In response to the reports that Potanin might be reviving the Kerimov scheme, Alexander Matveyev, one of two Sakha representatives in the upper house of the Russian parliament, dismissed the share sale speculation. He doesn’t comment on “rumours”, he told PolishedPrices.com.
The official agreement between Sakha, the federal ministry of finance, which supervises the diamond sector, and Rosimuchestvo proposes the auction of two shareholding blocs of 7%, one belonging to the federal government and one to the Sakha republic. Alrosa’s chief executive Fyodor Andreyev had publicly advocated increasing the size of the shareholding for sale, but was overruled. As the argument over the size of the IPO has been settled on the small side, JP Morgan and Morgan Stanley have disappeared from the underwriter list. Goldman Sachs remains. VTB, which controls most of Alrosa’s debt, is the default sharebuyer if noone else can be found.
Sergei Goryainov, a leading analyst at Rough & Polished, the Russian diamond industry bible, said the report of Oppenheimer interest was “fiction”. He also dismisses the likelihood that Potanin’s Interros would want to bid for a stake as small as 7%.
“For an oligarch there is no use in this [scale of] privatization. He would buy this little package, and then what would he do with it? When initially there was a discussion on the privatization options for the company, and there was talk of Suleiman Kerimov, he was interested in buying at least a blocking stake — that was a completely different issue.
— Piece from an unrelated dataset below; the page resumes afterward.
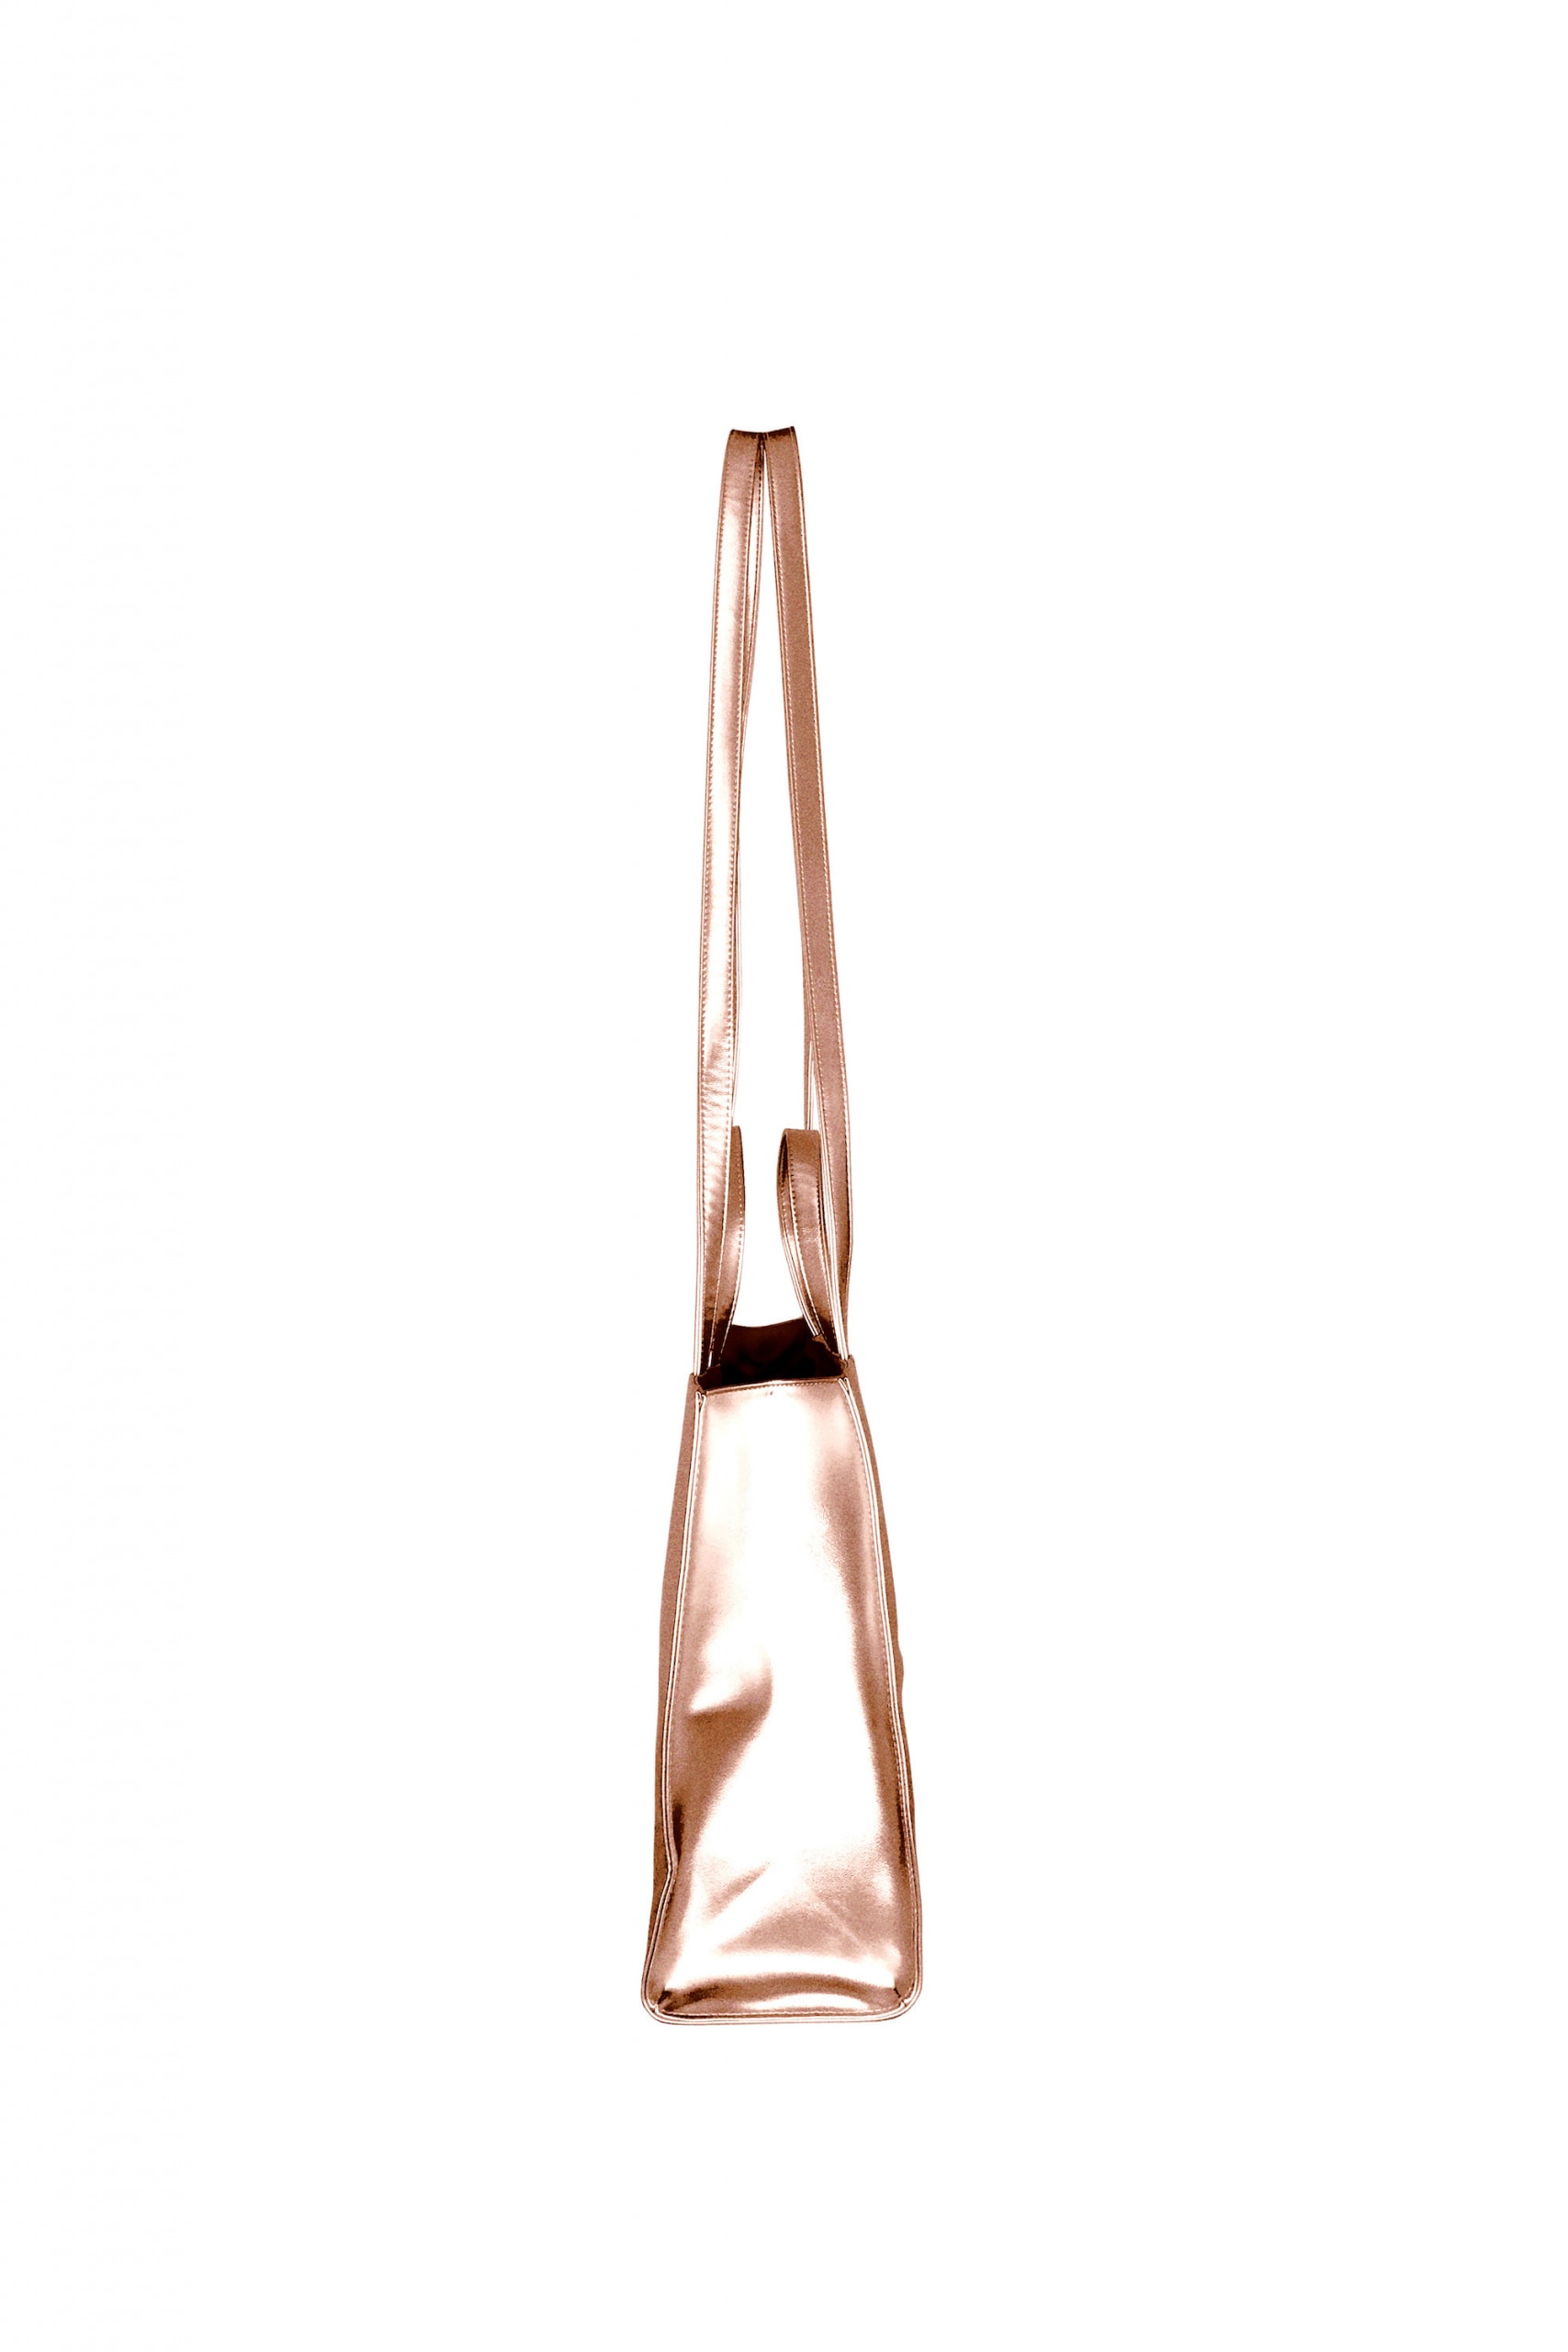 Telfar Signature Logo Tote Bag "Copper" Release Gold Shimmery Drop

Kerimov acts as a wrapper – to buy the asset, wrap it beautifully in packaging, and resell it expensively. At least in this there is business logic.”
“But now to sell a minority stake — no one needs it, only small speculators. Especially to sell [the shares], not through the London stock exchange, but through the Moscow exchange, from which investors are fleeing right now, running from risks, mainly related to the political situation, with non-transparency, corruption, etc. So what can happen [to Alrosa] is the same as has happened with VTB [currently 57% below its March 2011 IPO fix]. The share price will collapse by 30% to 40%, and will get locked at this level for several years. What’s good about that, I don’t understand.”
Goryainov told PolishedPrices.com he interprets the press leaks as “a form of insurance” against the possibility that the proposed state share sale will attract weak buying interest, and lead to a post-IPO collapse in market value. Goryainov also warns that publicity of this kind is dangerous. “The risk is rather high that the capitalization of Alrosa will fall as a result of all this, so its position on the financial markets worsens significantly. Why this is necessary, it isn’t clear.”